Benign lymphoepithelial cyst (BLC) is a developmental cyst of the lateral neck and the oral cavity. The lateral neck is also known as the branchial cleft or cervical lymphoepithelial cyst. The oral cavity counterpart is known as the benign lymphoepithelial cyst. The names come from the main histologic components of a cystic structure lined by keratinized epithelia and connective tissue with aggregates of lymphocytes. The origin is from epithelium entrapped in lymphoid aggregates. In the oral cavity, it presents as a small yellowish-white raised lesion most commonly occurring in the floor of mouth, ventral tongue and tonsillar area. The vestibule is not a common location for BLC. It is histologically made up of a cystic cavity lined by keratinized epithelium and supported by fibrous connective tissue containing many lymphocytes. The latter are mature, some form follicles with germinal centers. Conservative surgical excision is the treatment of choice.

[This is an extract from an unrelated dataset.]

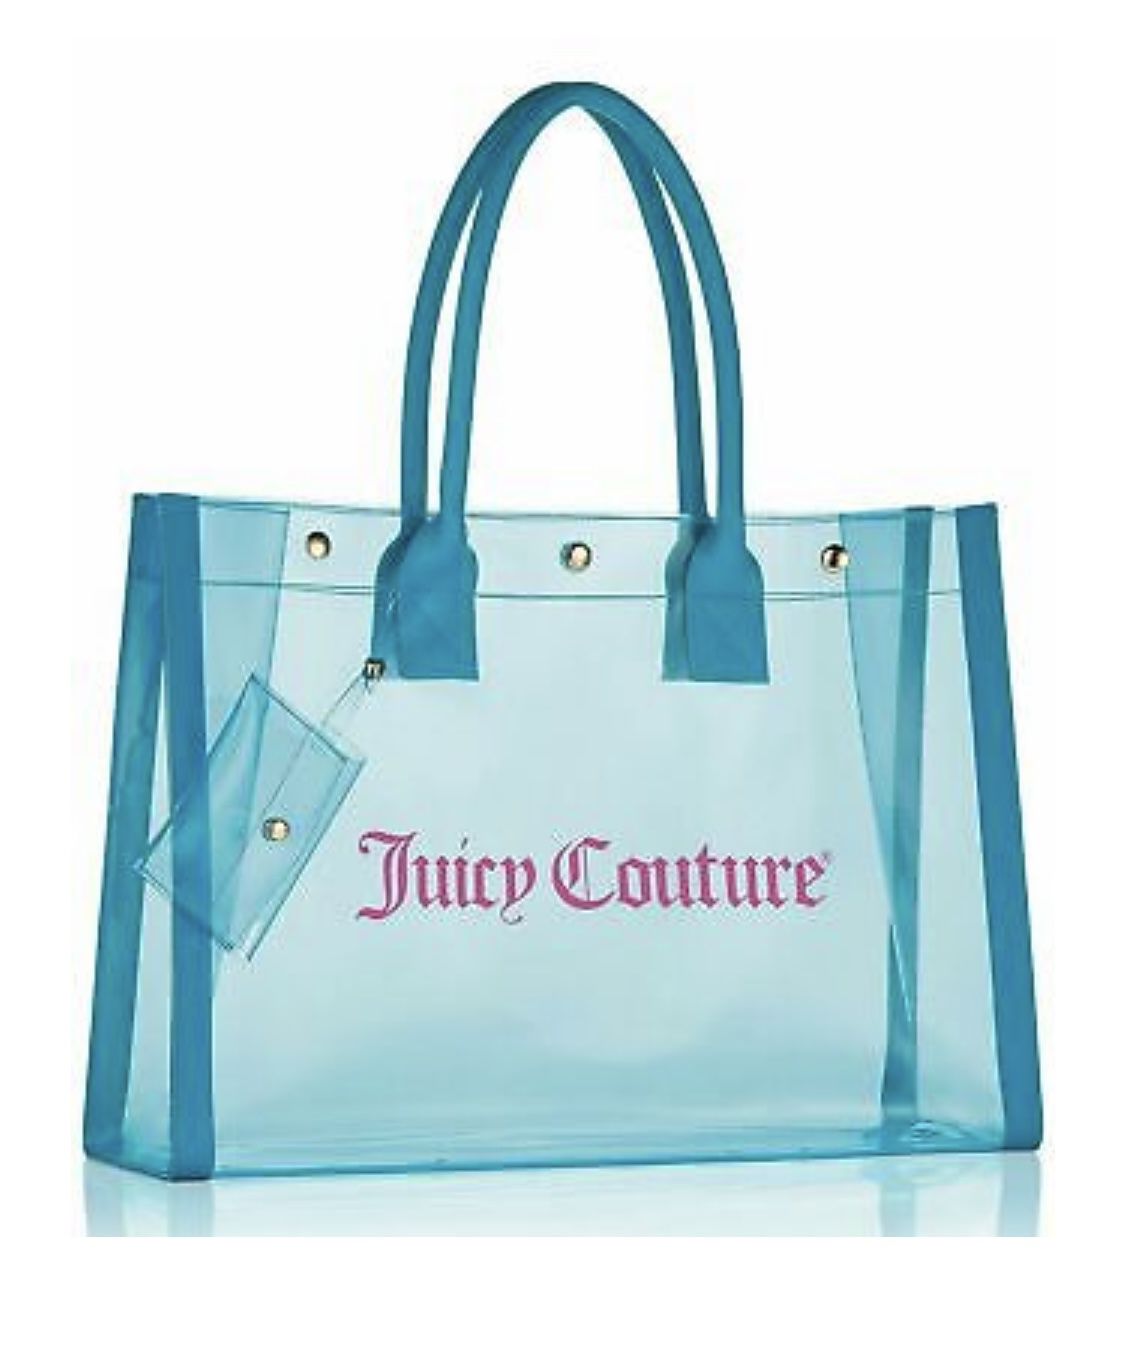 Juicy Couture Teal  Handbag Tote - New

Epidermal cyst also called epidermoid cyst or epidermal inclusion cyst, is common on the skin but is rare in the oral cavity. On the skin, it is sometimes mistakenly called sebaceous cyst. A cystic structure similar to epidermoid cyst occurs in the midline floor of mouth and is known as dermoid cyst. Dermoid cyst is believed to be a teratoma such as that described in the ovary, but less differentiated. Epidermal cyst is believed to be an entrapment of surface epithelium in the underlying connective tissue. Multiple skin epidermoid cysts should make a clinician consider a diagnosis of Gardner’s syndrome. Epidermal cyst presents as nodular and fluctuant subcutaneous swelling. It is usually asymptomatic, but can be painful if inflamed. If superficial, it may be white or yellow in color. The lips and tongue are the most common locations for this cyst. It is rare in the vestibules. Epidermal cyst is made up of a cystic structure lined by keratinized epithelium and supported by dense connective tissue. The lumen is filled with keratin. Conservative surgical removal is the treatment of choice.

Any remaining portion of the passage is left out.